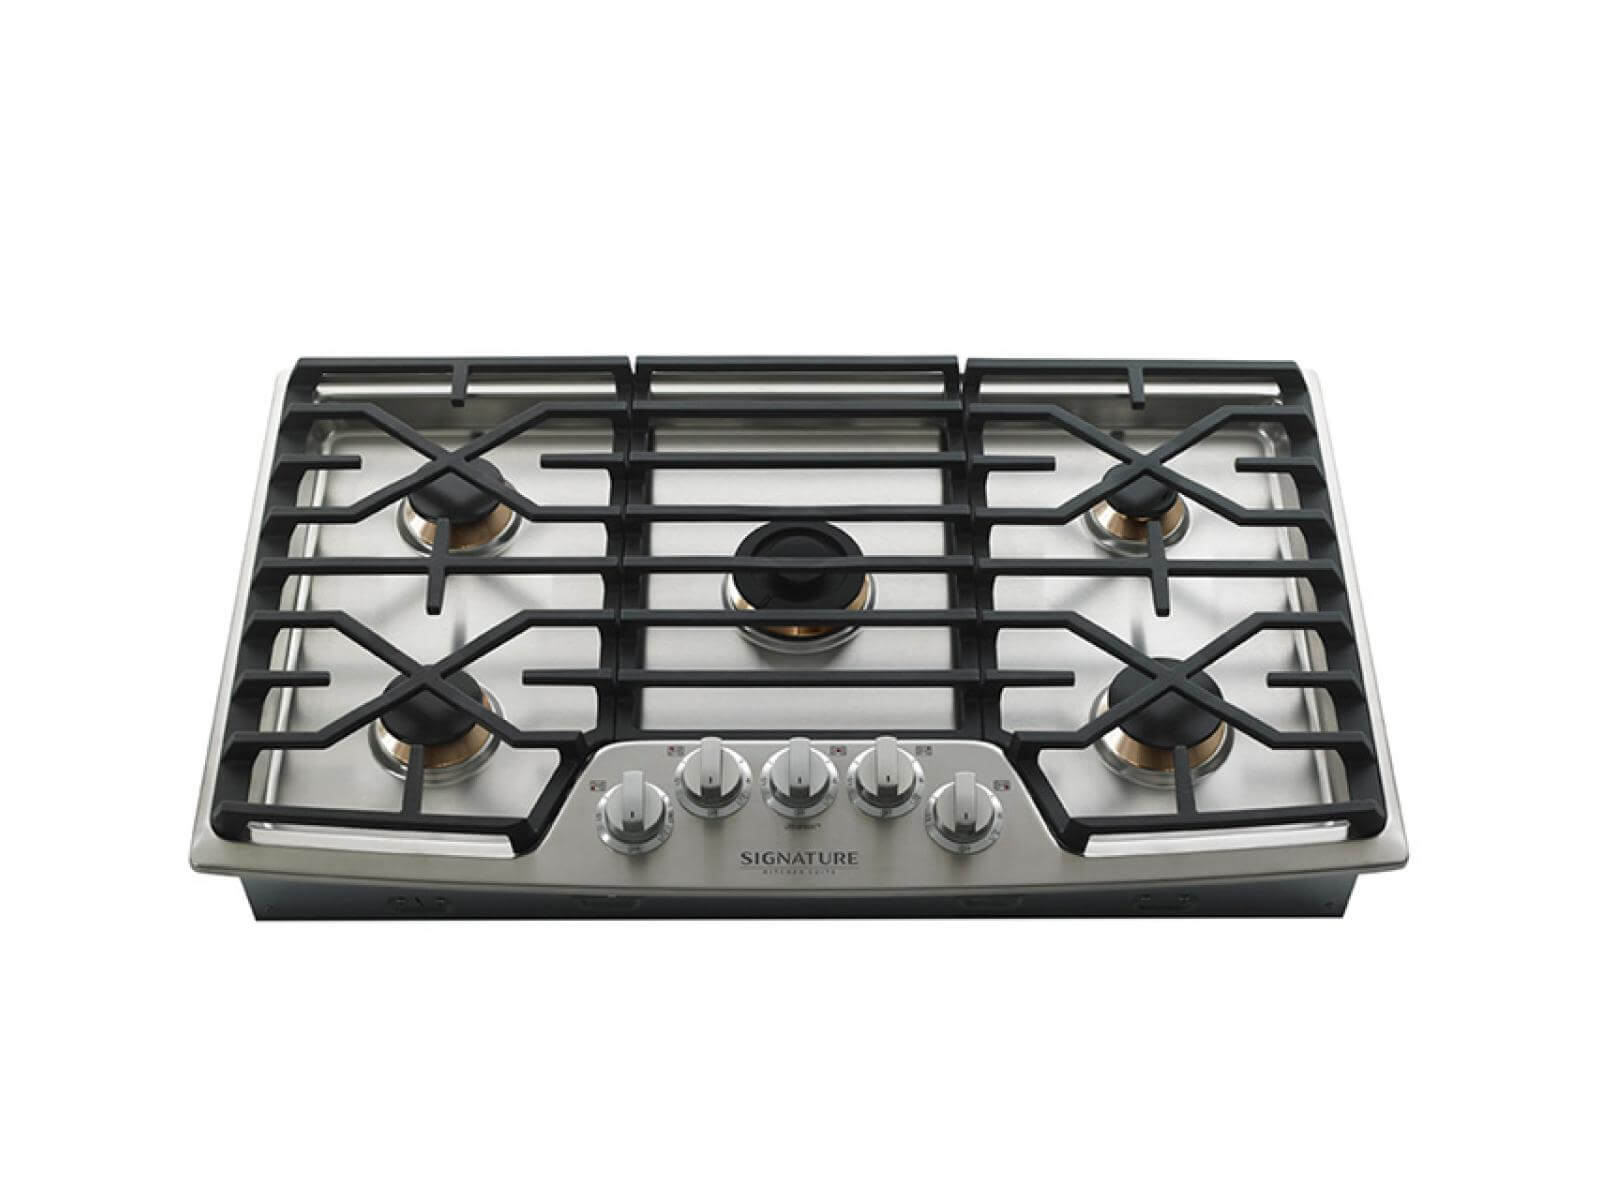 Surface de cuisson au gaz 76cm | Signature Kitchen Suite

◇ ◇ ◇

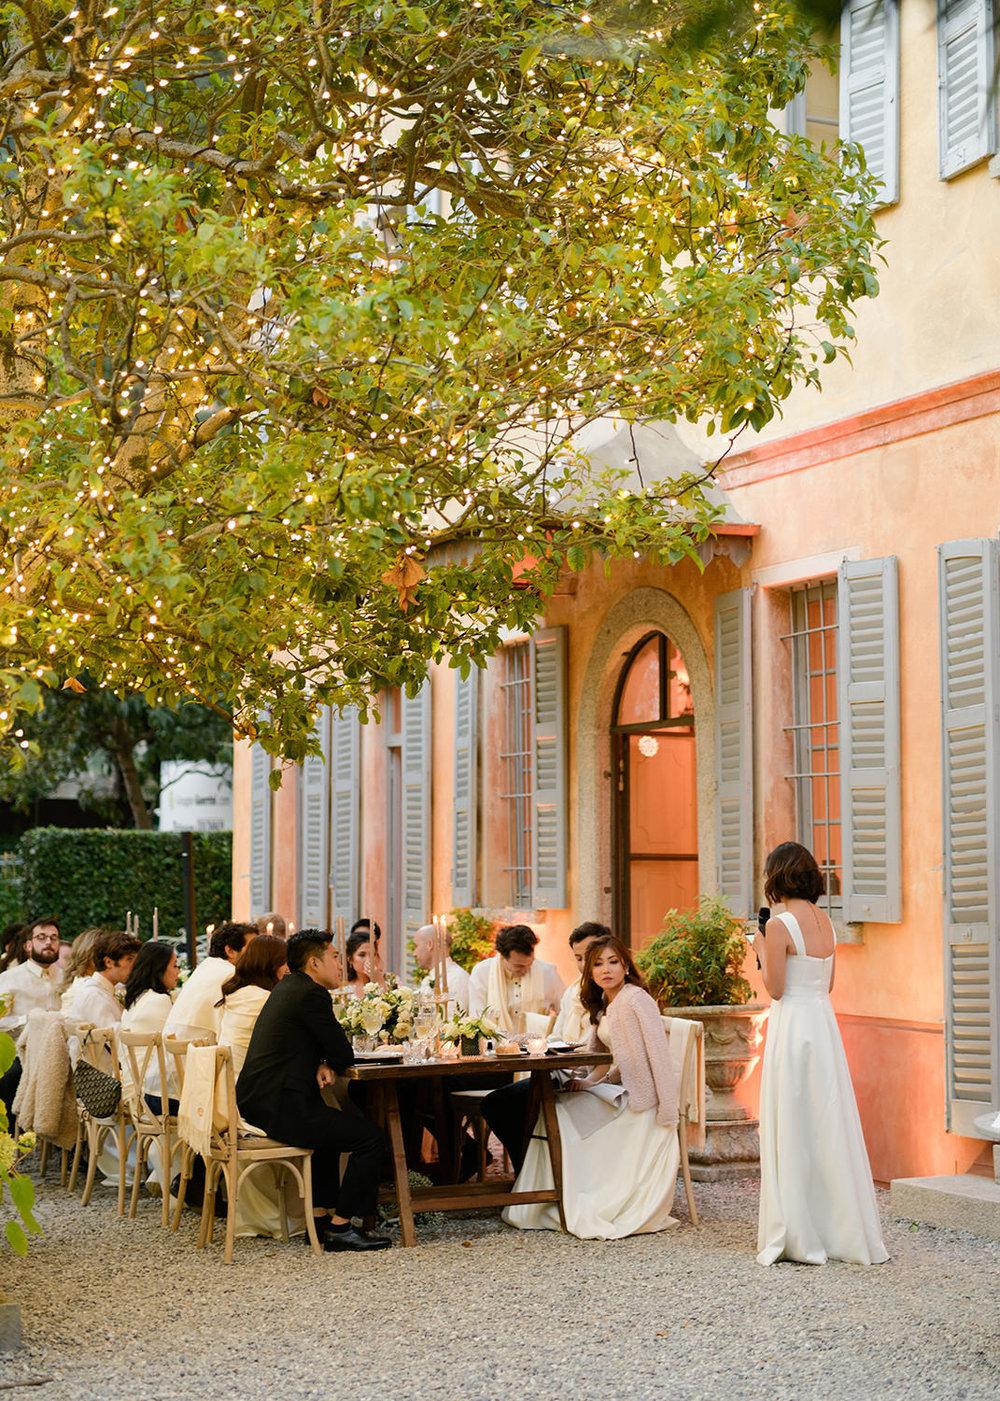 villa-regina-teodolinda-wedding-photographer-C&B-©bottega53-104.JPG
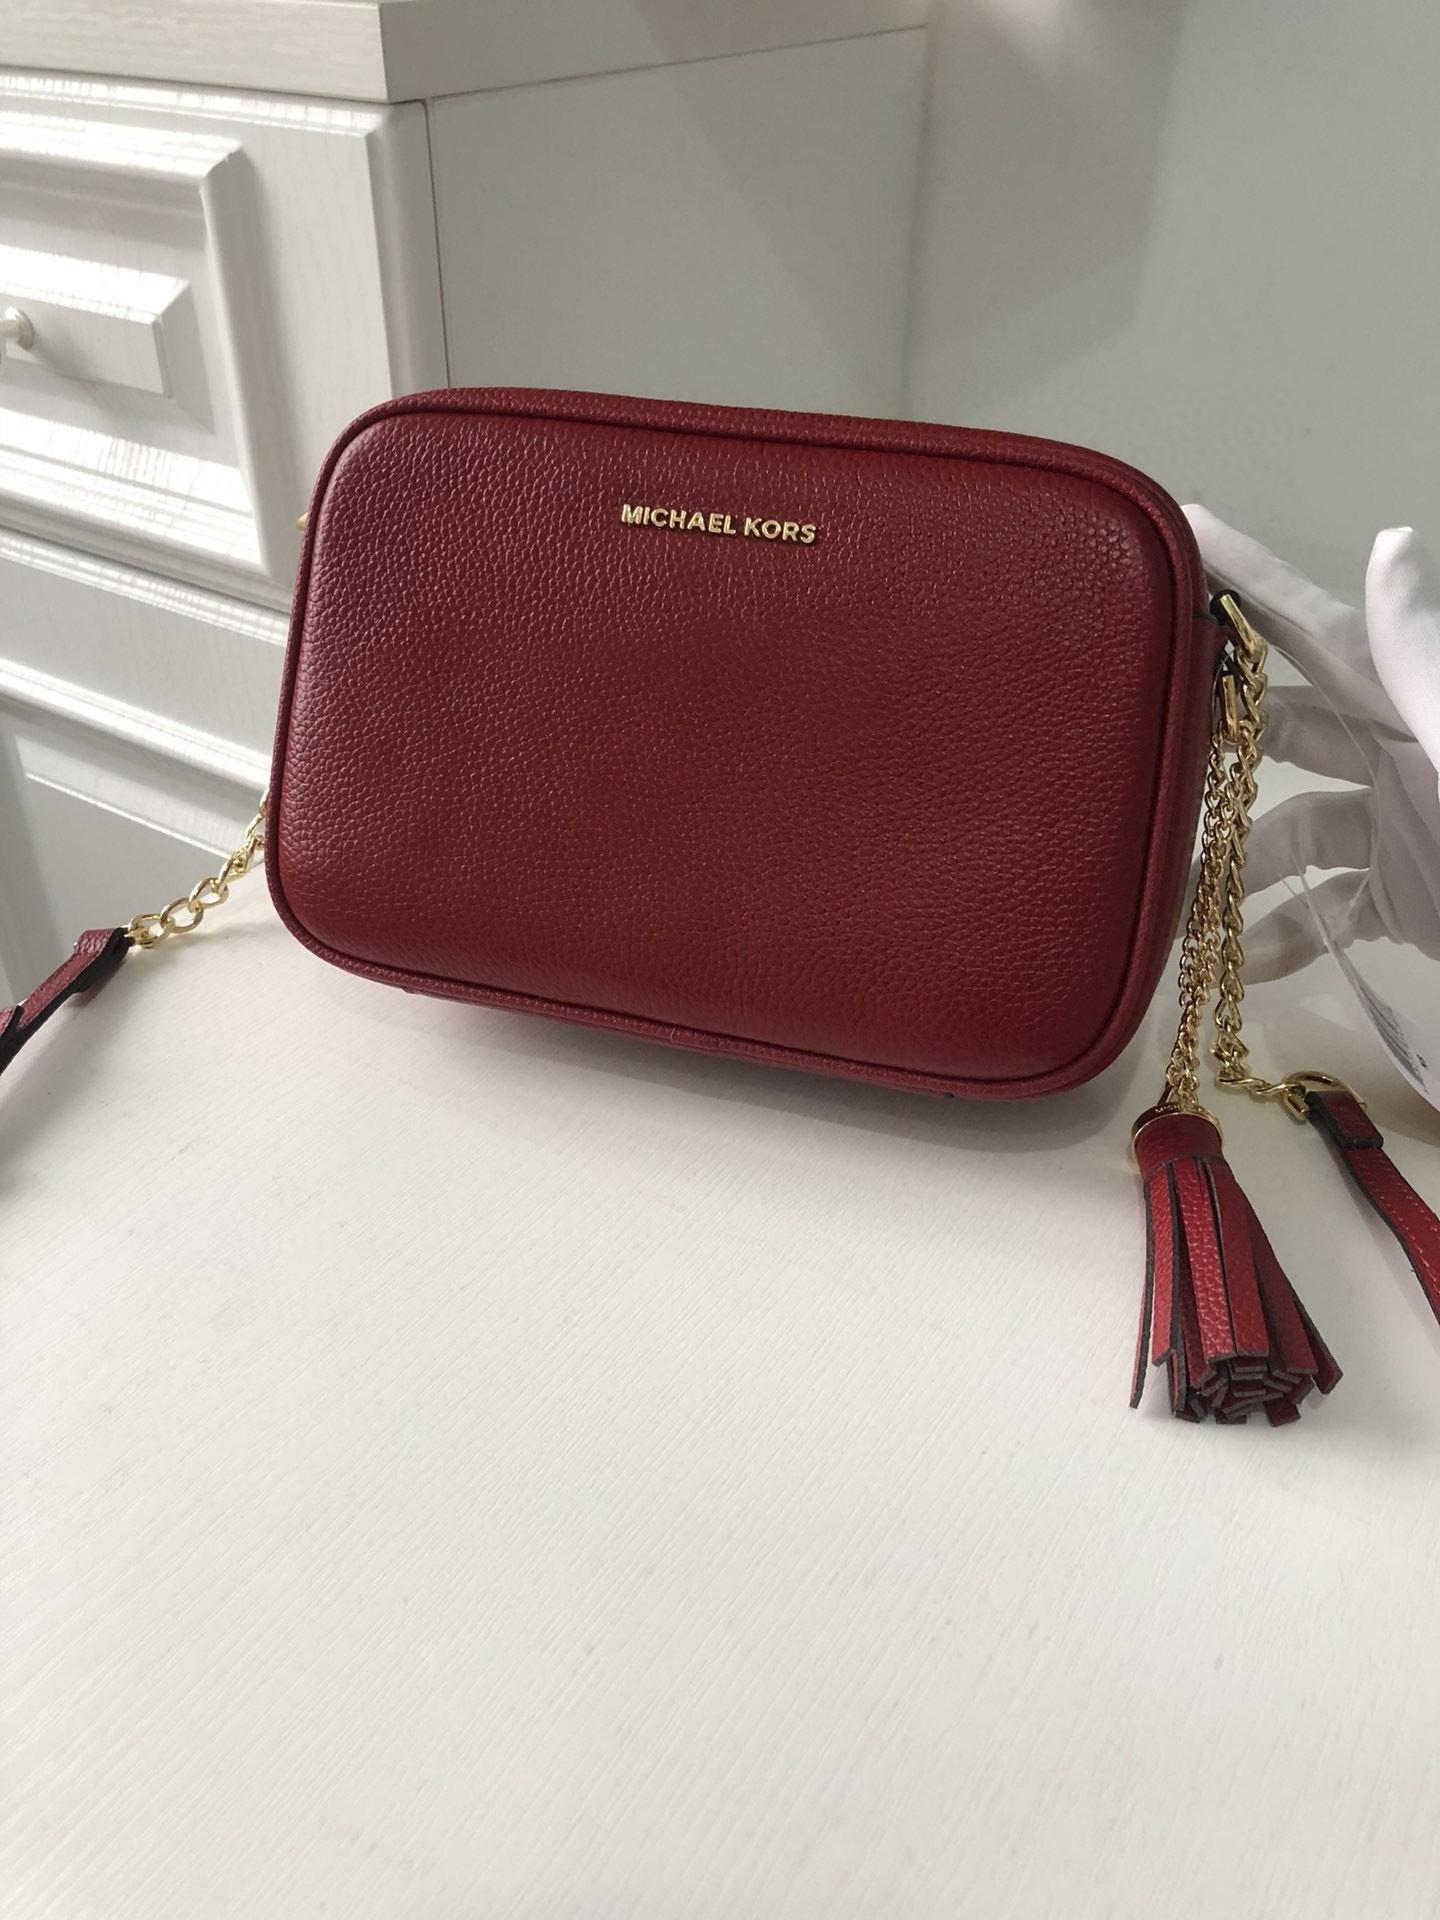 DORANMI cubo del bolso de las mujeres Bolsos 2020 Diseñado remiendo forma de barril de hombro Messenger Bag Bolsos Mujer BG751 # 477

◇ ◇ ◇

Task requirements
Please return the data above exactly as it stands from the line with "villa-regina-t" to the line with "DORANMI cubo del", keeping both of those lines but none of the pictures.

Result of this task
 villa-regina-teodolinda-wedding-photographer-C&B-©bottega53-104.JPG
 DORANMI cubo del bolso de las mujeres Bolsos 2020 Diseñado remiendo forma de barril de hombro Messenger Bag Bolsos Mujer BG751 # 477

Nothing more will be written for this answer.